NOTE 10 – SHAREHOLDERS’ EQUITY

 

The Company has an unlimited number of authorized ordinary shares and has issued 34,882 and 2,865,730 shares with no par value as of December 31, 2024 and September 30, 2025, respectively.

 

On July 21, 2022, the Company completed the uplisting of its common stock to the Nasdaq Capital Market, and the closing of its public offering of 10,000,000 shares of common stock with the gross proceeds of $40,000,000 and net proceeds of $37,057,176 after deducting the total offering cost of $2,942,824. The shares were priced at $4.00 per share, and the offering was conducted on a firm commitment basis. The Company’s total issued and outstanding common stock has increased to 195,032,503 shares after the offering.

 

On July 22, 2022, the Company issued 25,000 shares of common stock to certain service providers for services in connection with the public offering, the fair value of the shares was $477,500. The Company’s total issued and outstanding common stock increased to 195,057,503 shares in 2022.

 

On June 9, 2023, the Wyoming Secretary of State approved the Company’s certificate of amendment to amend its Articles of Incorporation to effect 1 for 185 reverse stock split. The total issued and outstanding shares of the Company’s common stock decreased from 195,057,503 to 1,054,530 shares, with the par value unchanged at zero.

 

In September 2023, 1,570,600 shares were issued for a total amount of $12,616,454, and the Company’s common stock issued increased to 2,625,130 shares as of December 31, 2023.

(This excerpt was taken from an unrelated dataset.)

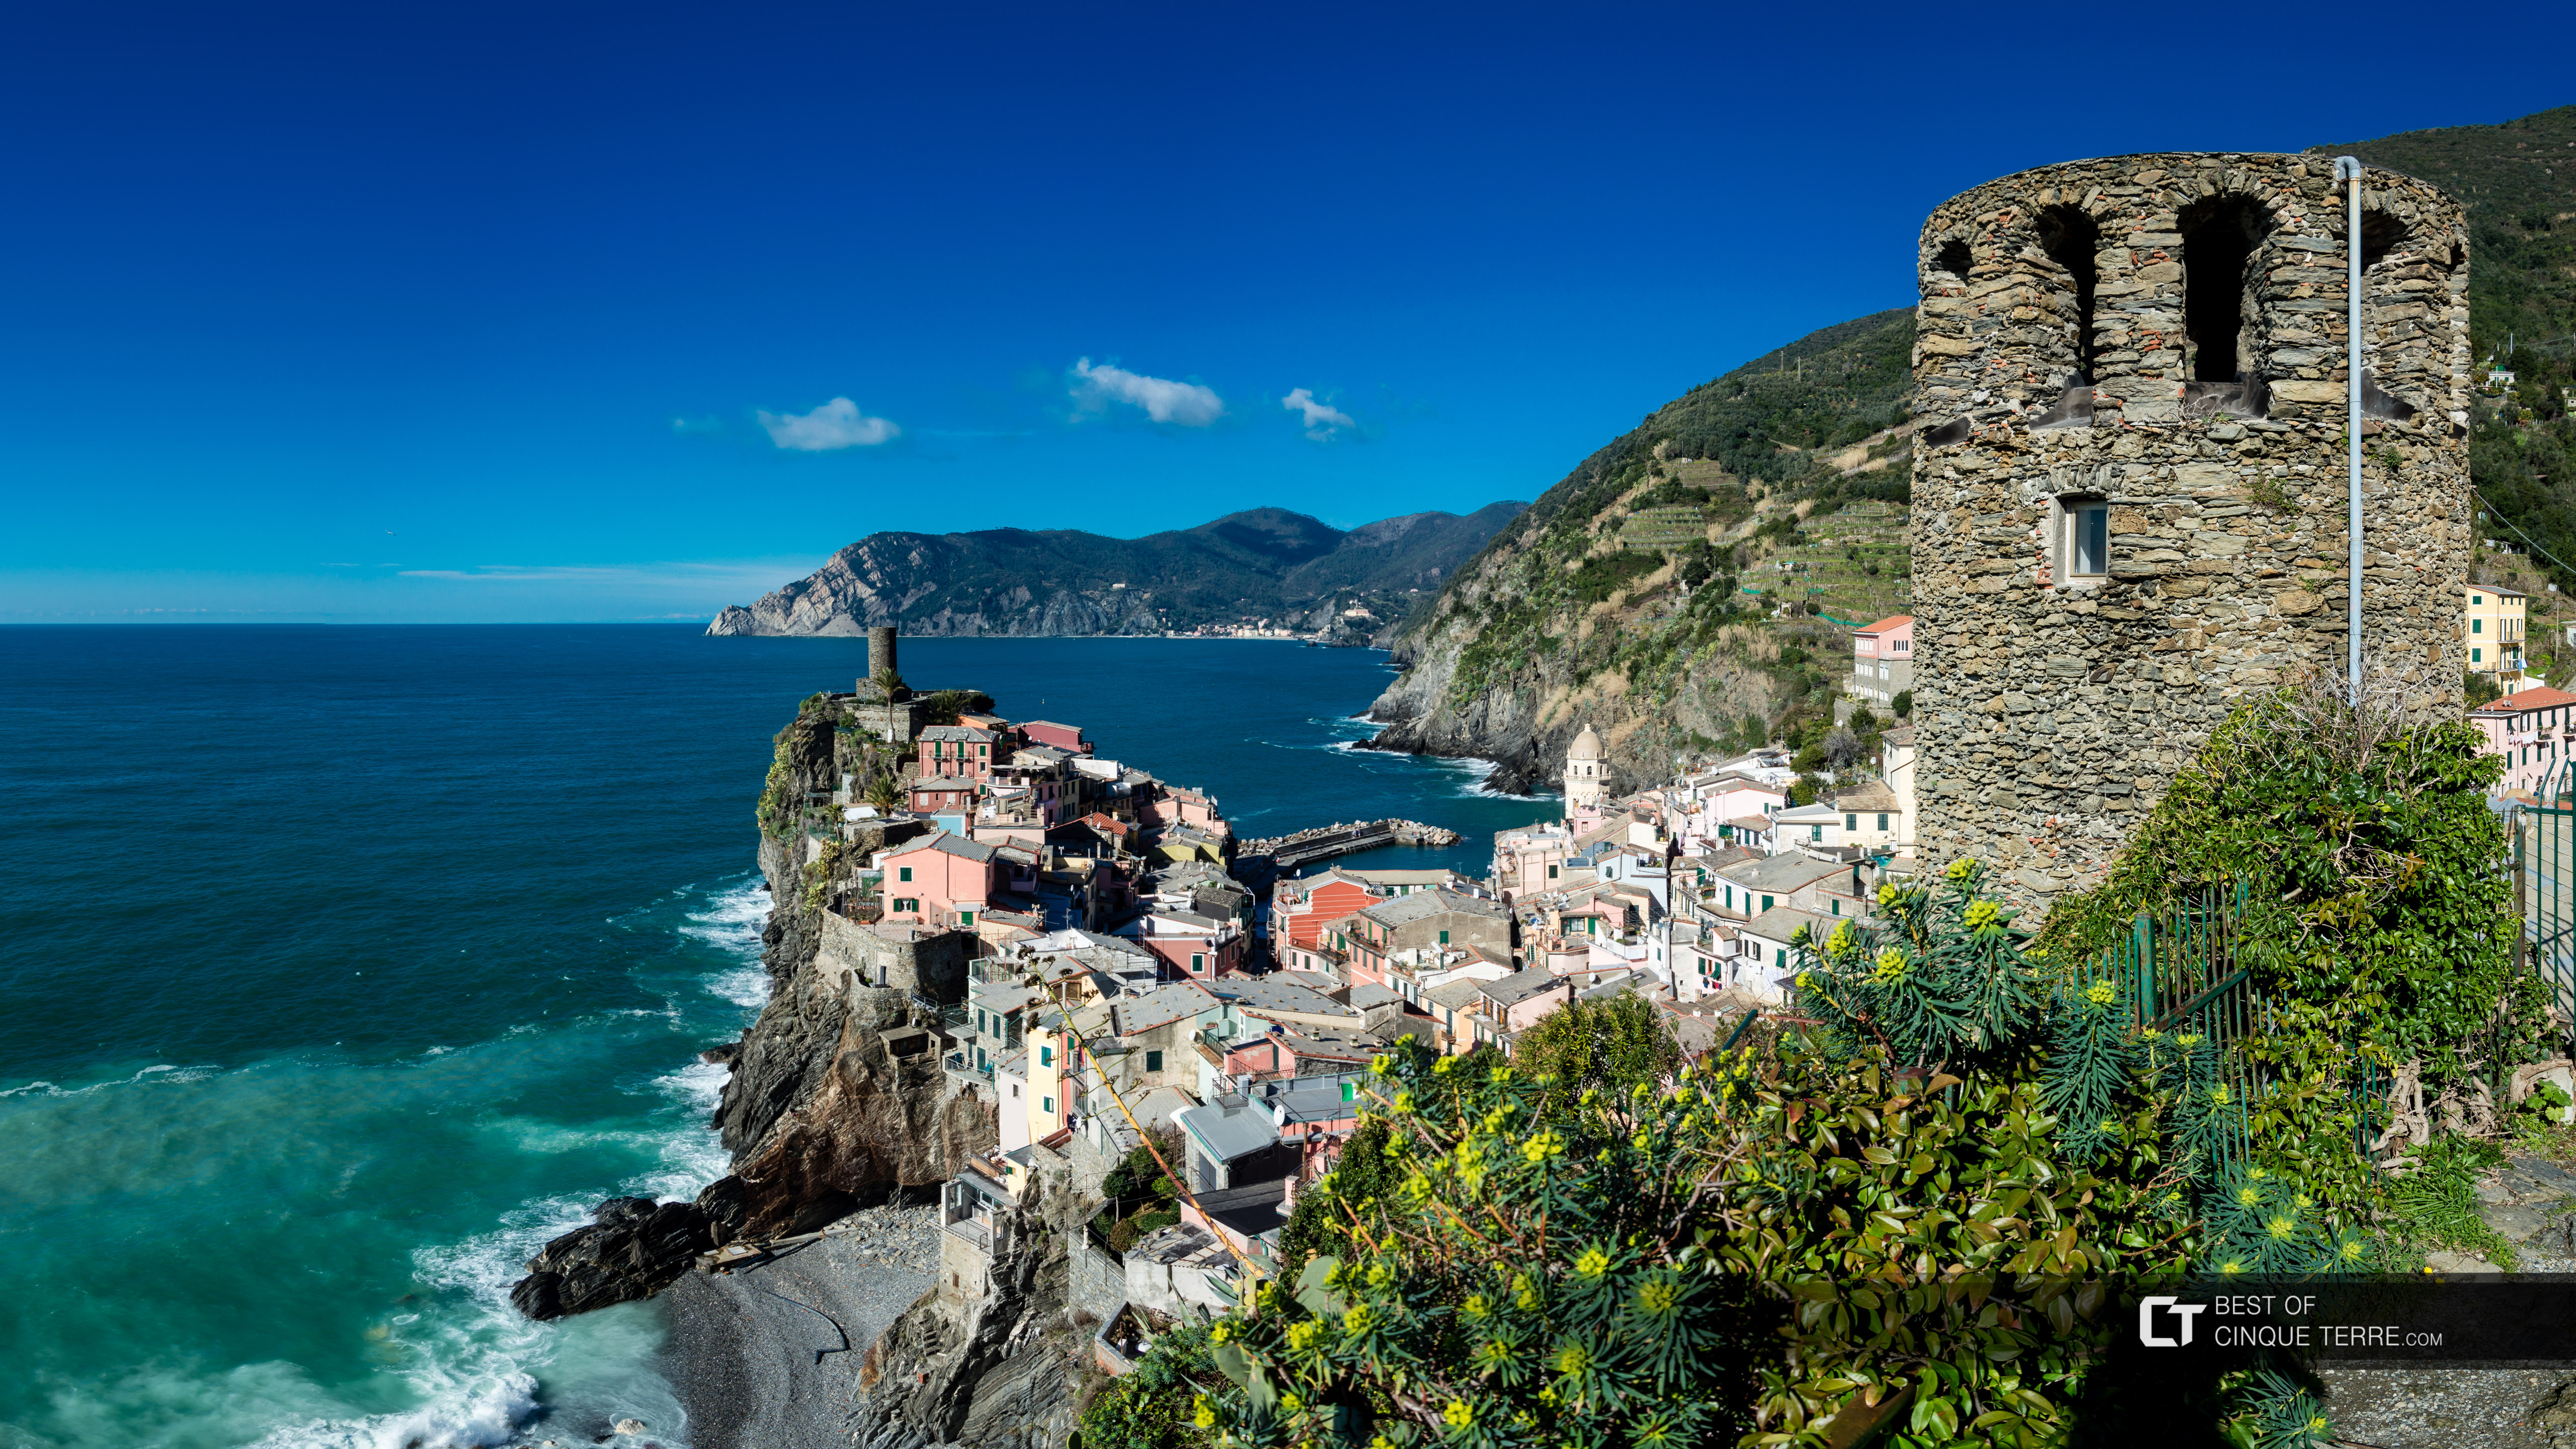 Vista panorâmica da vila da trilha Sentiero Azzurro, Vernazza, Cinque Terre, Itália

In April 2024, 3,940,000 shares were issued for a total amount of $13,396,000 for the acquisition of 20% of an associate company.

 

On April 9, 2024, the Company converted $1,974,140 of outstanding liabilities into 411,280 shares of common stock at $4.80 per share (based on the 10-day average trading price). These liabilities represented: (1) Advance from shareholders to pay outstanding legal fee, salaries, Edgar filing fee, audit fee, which accumulated from January 2023 to March 2024 of $594,140; (2) accounting and compliance fee, which accumulated from January 2023 to March 2024 of $420,000; (3) legal advisory fee in relation to BTC transaction which accumulated from January 2023 to March 2024 of $480,000; (4) BTC Consultant fee, which accumulated from January 2023 to March 2024 of $480,000. Prior to conversion, these interest-free, unsecured obligations with no fixed repayment terms were recorded as current liabilities. The conversion resulted in the decrease of $1,974,140 of liabilities (including $594,140 due to related parties and $1,380,000 of other payable) and the related increase of stockholders’ equity by the same amount.

 

In March 2025, 135,171,078 shares and warrants to purchase 294,117,647 shares of Common Stock at a nominal exercise price (the “Warrants”, and the shares issuable under the Warrants, the “Warrant Shares”) were issued for the acquisition of 5,000 bitcoin. The market price was $0.34 per share and total consideration for acquisition of 5,000 bitcoin was $158.08 million. On the same date as the issuance of the Warrants, the Warrants were exercised, and the Company issued all of the Warrant Shares. The total outstanding shares of the Company increased to 436,265,135 shares.

 

On July 3, 2025, the Company filed a Registration Statement on Form S-8 with the U.S. Securities and Exchange Commission (SEC) to register 80 million of common stocks under the Next Technology Holding Inc. 2025 Equity Incentive Plan (the “2025 Equity Incentive Plan”). The registration became effective upon filing. These shares are reserved for future issuance to employees, directors, advisors and other eligible participants under the Plan. On July 8, 2025 and August 8, 2025, respectively, the Company granted 20 million and 50 million of common stock under the 2025 Equity Incentive Plan, respectively. The total outstanding shares of the Company increased to 456,265,135 shares and 506,265,135 shares, respectively.

 

On September 2, 2025, the Company entered into a Securities Purchase Agreement (the “Purchase Agreement”) with certain institutional investors. Pursuant to the Purchase Agreement, the Company completed a registered direct offering (the “Offering”) on September 3, 2025 and issued: (1) 25,313,256 shares of its common stock, no par value, at a purchase price of $0.15 per share; and (2) pre-funded warrants to purchase up to 34,686,744 shares of common stock at a purchase price of $0.149 per warrant. The pre-funded warrants were issued to investors whose purchase of common stock in the Offering would have resulted in them, together with their affiliates, beneficially owning more than 9.99% of the Company's outstanding share capital. Each pre-funded warrant is exercisable for one share of common stock at an exercise price of $0.001 per share and is exercisable immediately until exercised in full, subject to beneficial ownership limitations. Subsequent to the Offering, the investors fully exercised all pre-funded warrants, resulting in the issuance of 34,686,744 shares of common stock. Net proceeds from the offering amounted to approximately $8,030,250 after deducting placement agent fees and other offering expenses. These proceeds are designated exclusively for working capital purposes. Pursuant to standard lock-up provisions, the Company has agreed to refrain from issuing additional equity securities or filing new registration statements for a period of 60 days following the closing date.

 

On September 16, 2025, the Company effected a 200-for-1 reverse stock split of its common stock, resulting in the consolidation of every two hundred issued and outstanding shares into one share. The reverse stock split reduced the number of outstanding shares from approximately 566,265,135 to approximately 2,865,730 as of the date of this report. The par value per share and the number of authorized shares remained unchanged. The reverse stock split was applied uniformly to all stockholders and did not alter relative ownership percentages, except for minor changes due to rounding. Stockholders holding shares in brokerage accounts or in book-entry form were not required to take any action. The reverse stock split did not adjust the number of reserved but unissued shares under the Company’s 2025 Equity Incentive Plan.